PCR und Sequenzierung der 6 kodierenden Exons und flankierender Sequenzen,
Deletions-/Duplikationsscreening über MLPA.

Indikation, Symptome

V.a. autosomal dominante FHH durch heterozygote inaktivierende Mutationen in CASR. Normale bis leicht erhöhte Kalziumkonzentration und Parathormon-Spiegel (PTH) im Serum bei verminderter Kalziumausscheidung im Urin (<100mg/24h, Kalzium-/Kreatininclearance <0,01) und milder Hypermagnesiämie. Die Hyperkalzämie lässt sich schon bei Geburt nachweisen, verläuft klinisch i.d.R. unauffällig und wird meist zufällig diagnostiziert. Gelegentlich treten Müdigkeit, Gelenkbeschwerden, Pankreatitis, Chondrokalzinose sowie Gallen- und Nierensteine auf.

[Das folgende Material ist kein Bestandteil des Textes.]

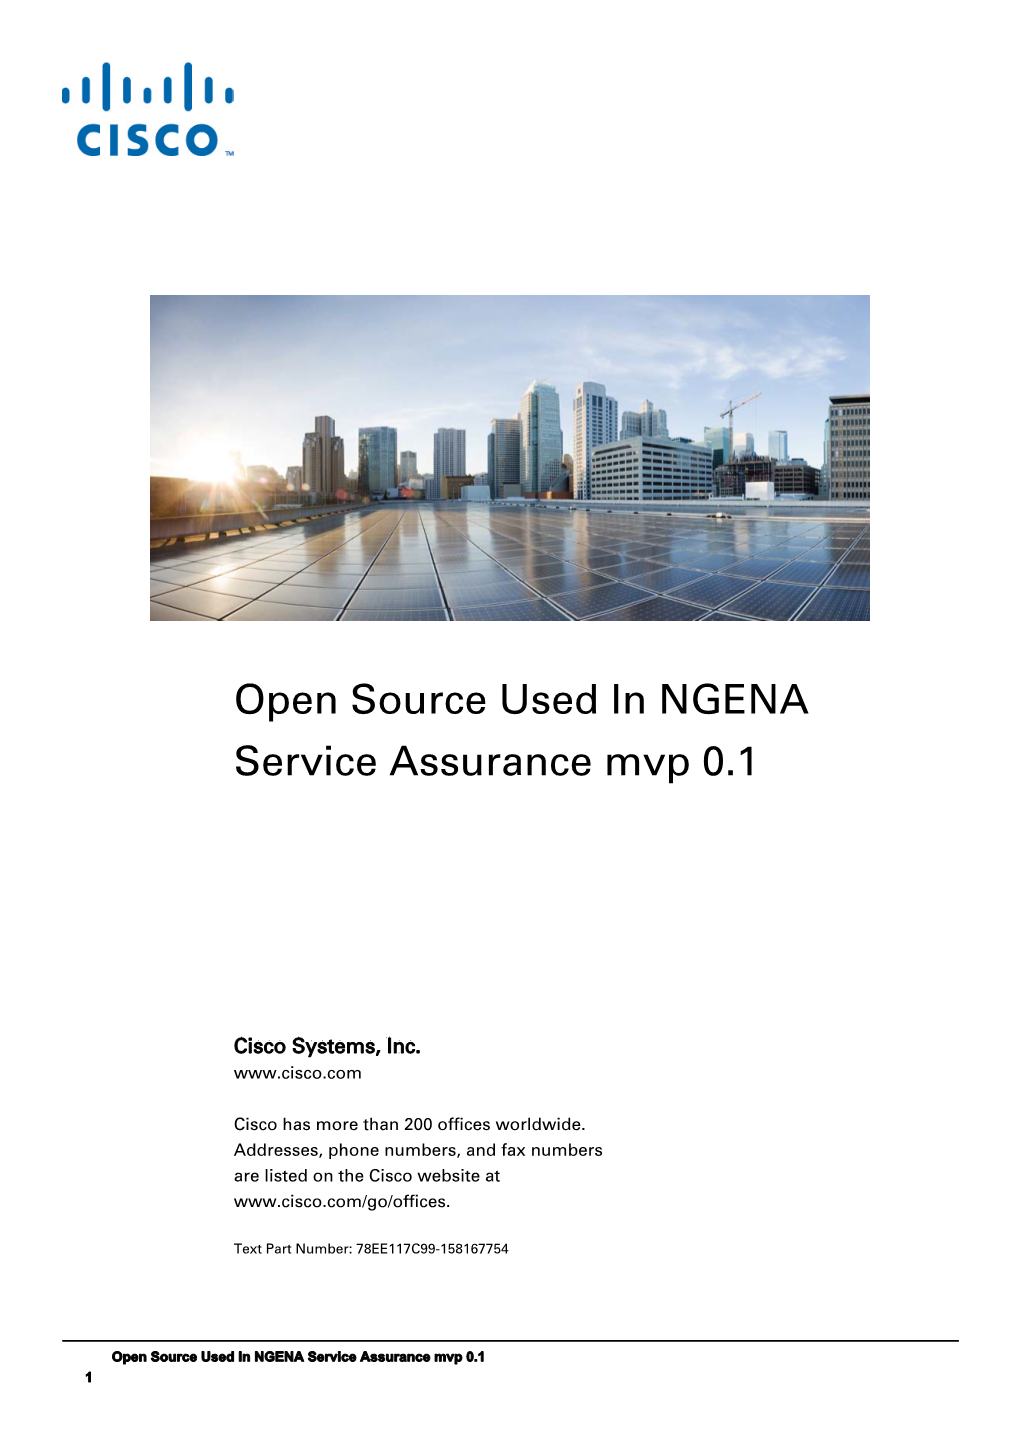 NGENA Service Assurance Mvp 0.1

DD: primärer Hyperparathyreoidismus (pHPT) vor Parathyreoidektomie. Diese führt bei FHH nicht zur Normalisierung der Hyperkalziämie. Postpartal ist zu beachten, dass bei einem Kind, welches nicht die Mutation der Mutter erbt, in den ersten Lebenstagen mit einem Risiko für eine passagere Hypokalzämie zu rechnen ist. Weitere phänotypische Ausprägungen von Mutationen in CASR siehe neonatal schwerer Hyperparathyreoidismus (NSHPT) sowie autosomal dominante Hypokalzämie (ADH).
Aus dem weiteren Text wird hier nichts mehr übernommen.